As shown in the time chart of FIG. 4, the period T of the PWM, "0" period TL and "1" period TH are given by

T=(2 CYCRG+1)·CLK

TH =REFRG·CLK

TL =(2·CYCRG+1-REFRG)·CLK

The period T is double because the number of bits of the register CYCRG is one bit larger than that of the register REFRG (that is, the count is double). This is done in view of the nature of application of the control, but the number of bits of the register CYCRG may be equal to that of the register REFRG. In the configuration of FIG. 1, when the register CYCRG is set to maximum and the register REFRG is set to make the ON period maximum, the duty factor is one half. If the numbers of bits of the registers are equal, the duty factor may be varied up to 100%. If there is one bit difference between the numbers of bits of clock conversion of the register CYCRG which determines the period T and the register REFRG which determines the ON period, the duty factor may be varied by skillful technique upon design of a controller chip such as a 8 bit CPU. Accordingly, in the present embodiment, a variable length of the period of the PWM may be great, but it will go down below the duty factor of 1/2 (maximum) at a frequency lower than a certain value.
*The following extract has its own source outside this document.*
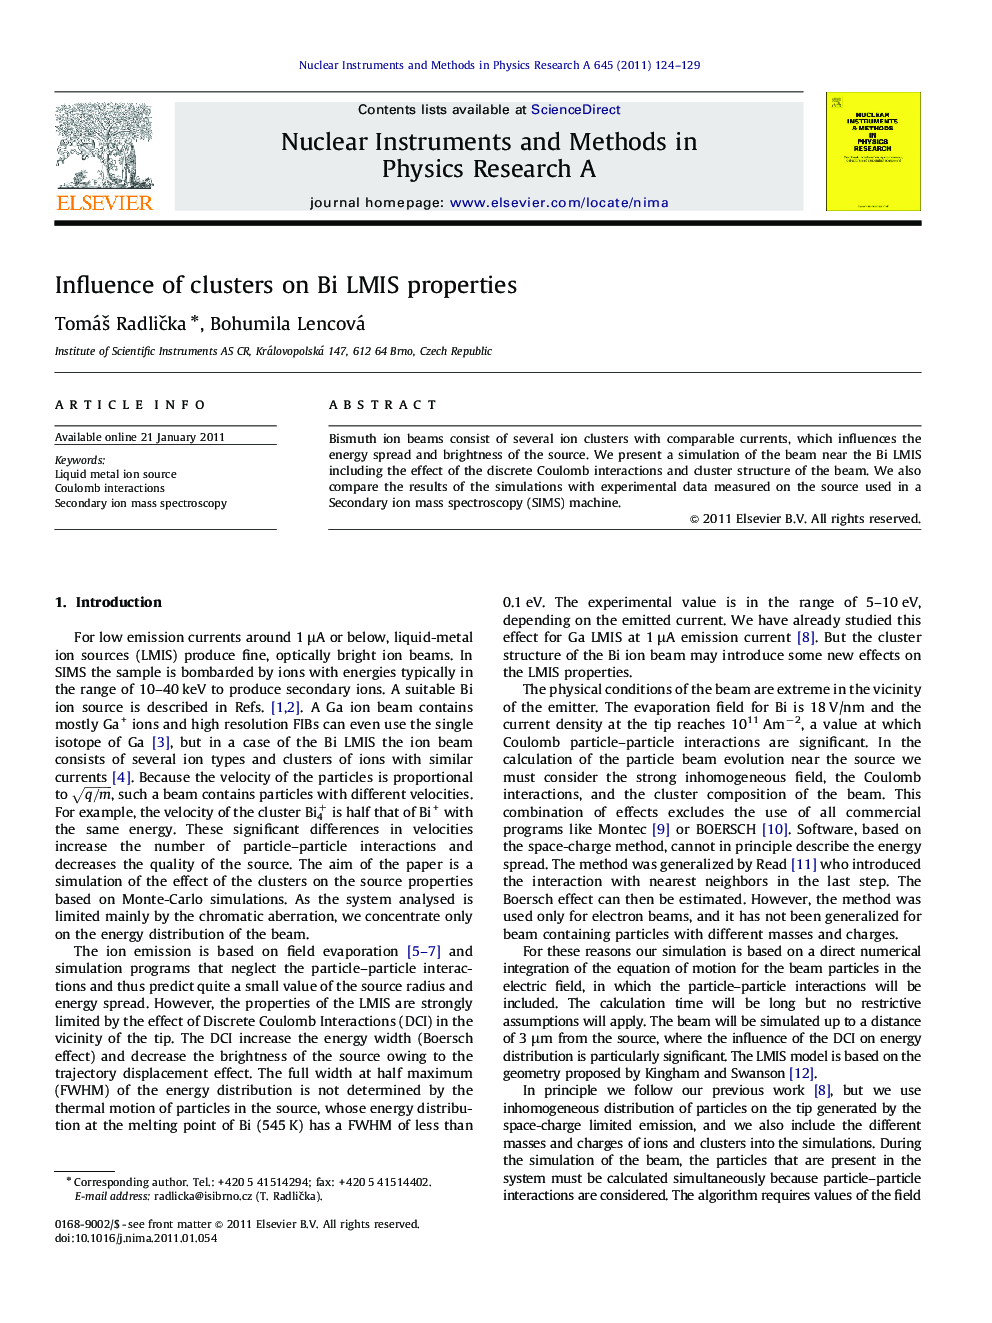 Influence of clusters on Bi LMIS properties

FIG. 5 shows a relation between the registers 51 in the controller 100 and the PWM control signal generator shown in FIG. 1. In FIG. 5, the PWM's may be arranged up to n channels. PWM0 -PWMn (51o -51n) correspond to the circuit shown in FIG. 1 and 11o -11n corresponds to the output ports. The registers may be developed in the RAM 105. When the controller 100 is applied to the power control, precalculated values are set in the registers if the power control is an open loop control, and when certain voltage is required, the content of the register of the corresponding channel is read and it may be set in REFRG, CYCRG and CLKRG. In a closed loop control, the A/D converter 108 monitors the voltage to set REFRG, CYCRG and CLKRG according to the monitored voltage.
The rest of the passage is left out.